== What is expected ==
Every record below is to be restated word for word.

== Dataset extract ==
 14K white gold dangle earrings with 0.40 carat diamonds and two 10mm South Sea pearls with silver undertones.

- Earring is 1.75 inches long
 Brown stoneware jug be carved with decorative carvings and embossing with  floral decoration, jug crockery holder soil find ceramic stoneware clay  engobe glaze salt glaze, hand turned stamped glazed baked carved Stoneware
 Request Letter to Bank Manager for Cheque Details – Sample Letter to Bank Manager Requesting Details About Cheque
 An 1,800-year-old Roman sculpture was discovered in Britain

== Your response ==
 14K white gold dangle earrings with 0.40 carat diamonds and two 10mm South Sea pearls with silver undertones.

- Earring is 1.75 inches long
 Brown stoneware jug be carved with decorative carvings and embossing with  floral decoration, jug crockery holder soil find ceramic stoneware clay  engobe glaze salt glaze, hand turned stamped glazed baked carved Stoneware
 Request Letter to Bank Manager for Cheque Details – Sample Letter to Bank Manager Requesting Details About Cheque
 An 1,800-year-old Roman sculpture was discovered in Britain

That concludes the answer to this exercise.